If even minor, expected changes can see a decrease in organisational effectiveness, imagine the problems that might be encountered by, for example, departmental restructuring or the move into new sales channels. Research has shown that change needs to be managed well in order to minimize the resistance to it, and in order to manage it well we need to understand why there is resistance in the first place.

Good Measure Consulting Incorporated is a company that has worked with the change-related problems of over 100 major organisations in the USA. Here are some of the most common reasons managers dealing with change encounter, along with the tactics used for dealing with them:

Loss of Control

Change is exciting when done by us, threatening when it is done to us. People need to feel in control of their environment: the more you involve them in the planning and implementation of change policies, the more likely they are to commit to them.

Excess Uncertainty

Not knowing what change is planned, or what the consequences of it will be, makes people uncomfortable. Not sharing enough information with employees at every step of the change process is a mistake. Information is key in building commitment to change, with step-by-step scenarios, timetables and milestones. Dividing a big change into a number of small steps can make it seem less risky and threatening.
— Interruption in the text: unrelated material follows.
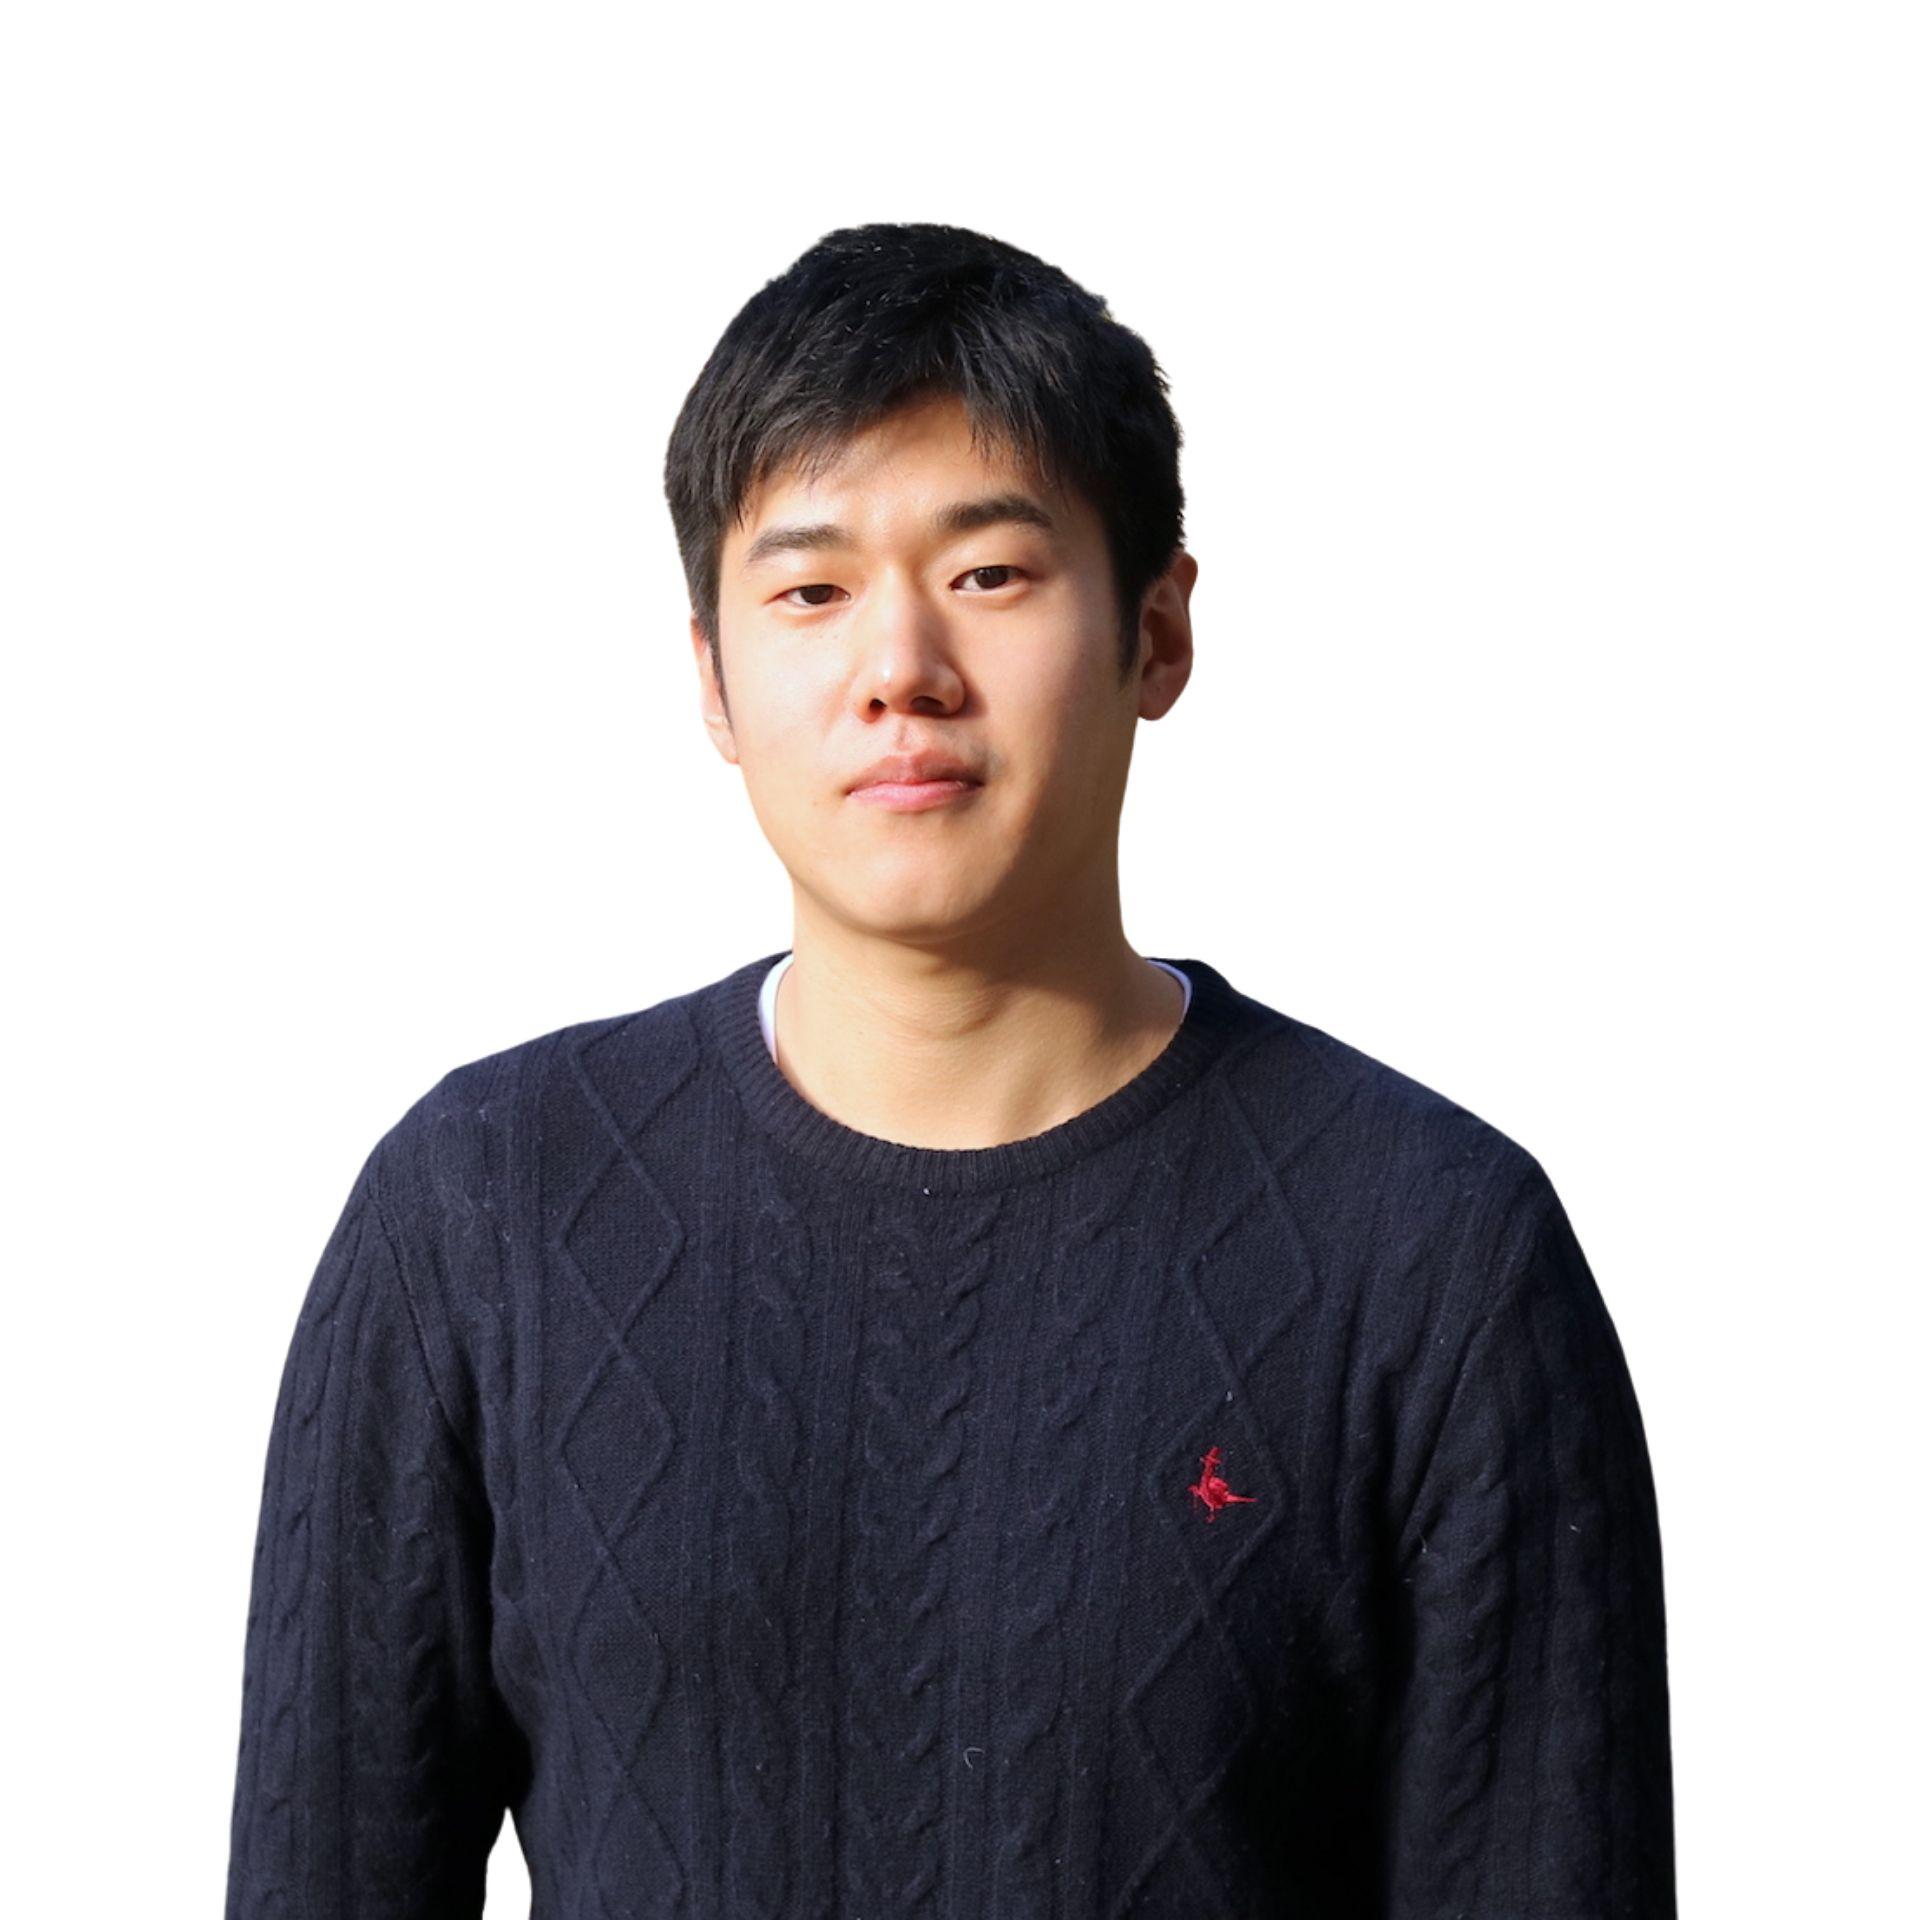 Minjoon Choi

People are easily shocked by decisions or requests suddenly sprung on them without warning. The first, natural response to something new and unexpected, that they are not mentally prepared for, is resistance. Companies often wait until all organisational change decisions have been made, then spring them on the workforce. As with points 1 and 2 above, people need to be involved - or at least kept informed.

Loss of Face

Sometimes there the assumption that the reason for change is because the way things have been done in the past has been wrong: this can cause embarrassment and resentment - no one likes to lose face in front of their peers. It is important to put past actions into perspective - it was the right thing to do then, but now things are different. This way people look strong and flexible. They have been thanked for what they once did, and you are entrusting them implementing new way of doing things.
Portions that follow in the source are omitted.